Uma brecha para a América Latina na disputa entre os EUA de Trump e a China
Economia adversa, deslocamento de poder para a Ásia e nacionalismo populista no mundo influenciam rumos da política latino-americana
Nas capitais da América Latina, o debate sobre os prováveis acontecimentos políticos internos de 2017 está a pleno vapor. Qual a capacidade do governo Temer de implementar sua agenda de reformas? Quem será o sucessor de Rafael Correa no Equador? Como se desenrolará a crise na Venezuela? A previsão de eventos específicos é difícil, mas uma análise do ambiente internacional aponta para tendências que terão uma influência significativa nos desdobramentos políticos regionais ao longo do ano que se aproxima.

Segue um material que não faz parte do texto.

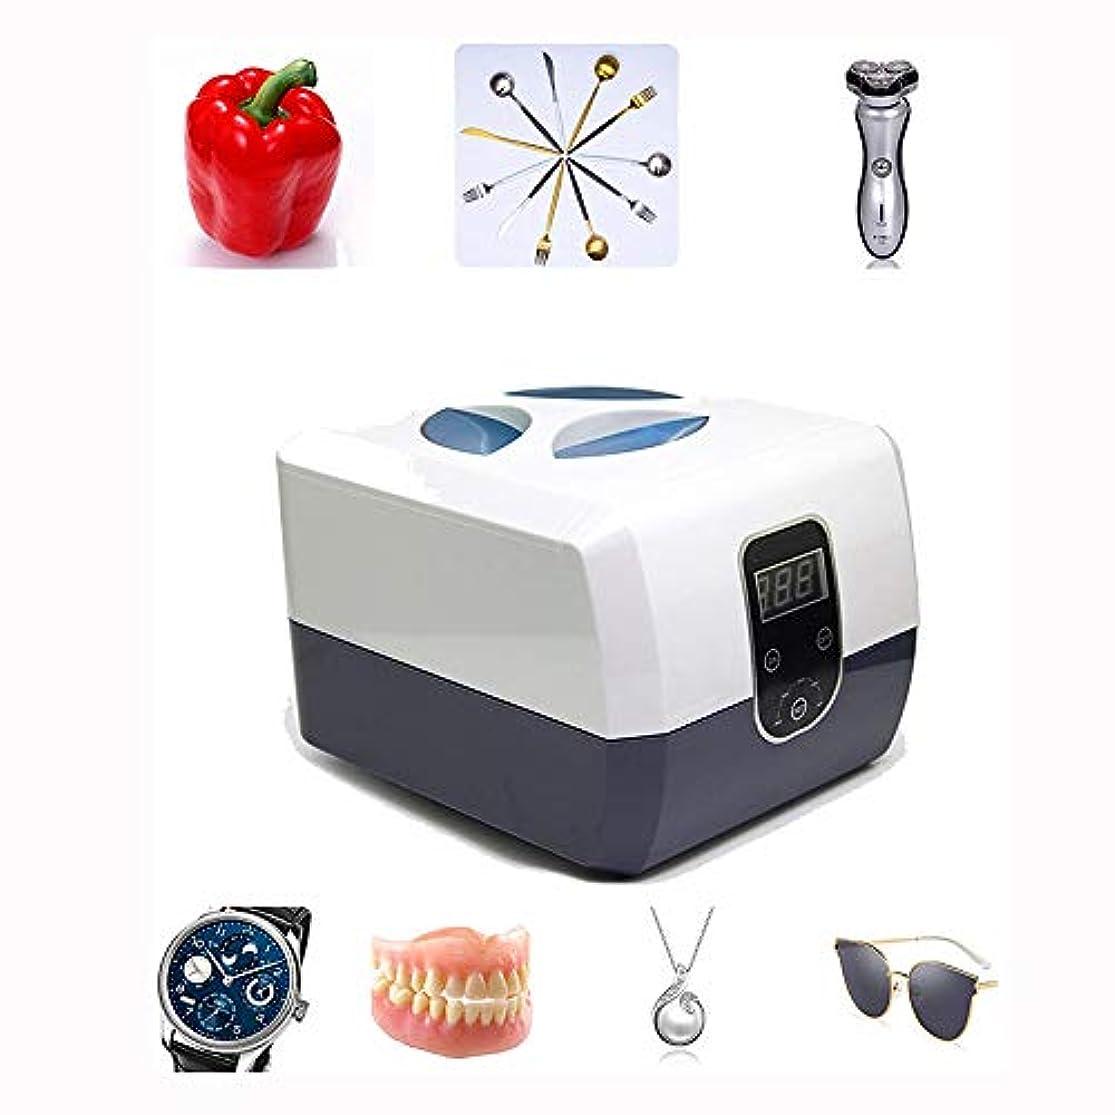 着替える訪問体消毒機は、髪のツール/ネイルマニキュアを設定/歯科衛生キットなどを殺菌するための殺菌に最適ネイル

Três questões globais se destacam: um cenário econômico extremamente adverso, o deslocamento de poder para a Ásia e a ascensão do populismo nacionalista na Europa e nos Estados Unidos.
O ambiente macroeconômico no qual os governos latino-americanos terão de operar não poderia ser pior. Tradicionalmente, preços baixos de commodities implicam crescimento reduzido, governos impopulares e intolerância pública à corrupção. Nesse cenário, turbulências políticas ocorrem frequentemente, como tem sido o caso na região ao longo dos últimos anos. A expectativa de elevação da taxa de juros nos Estados Unidos em função do aumento nos gastos públicos prometido por Trump complicará a situação ainda mais, na medida em que pode levar à fuga de capitais da América Latina, dificultando o pagamento de dívidas por parte dos governos da região.
O que essa combinação de preços baixos de commodities e um possível aumento dos juros nos EUA significa para a política na América Latina em 2017? Baixo crescimento, pífias taxas de aprovação da maioria dos governos e frequentes protestos anticorrupção. Um exemplo histórico desse fenômeno é a “década perdida” dos anos 1980, que não pode ser explicada sem considerar a elevação dos juros do Banco Central estadunidense à época.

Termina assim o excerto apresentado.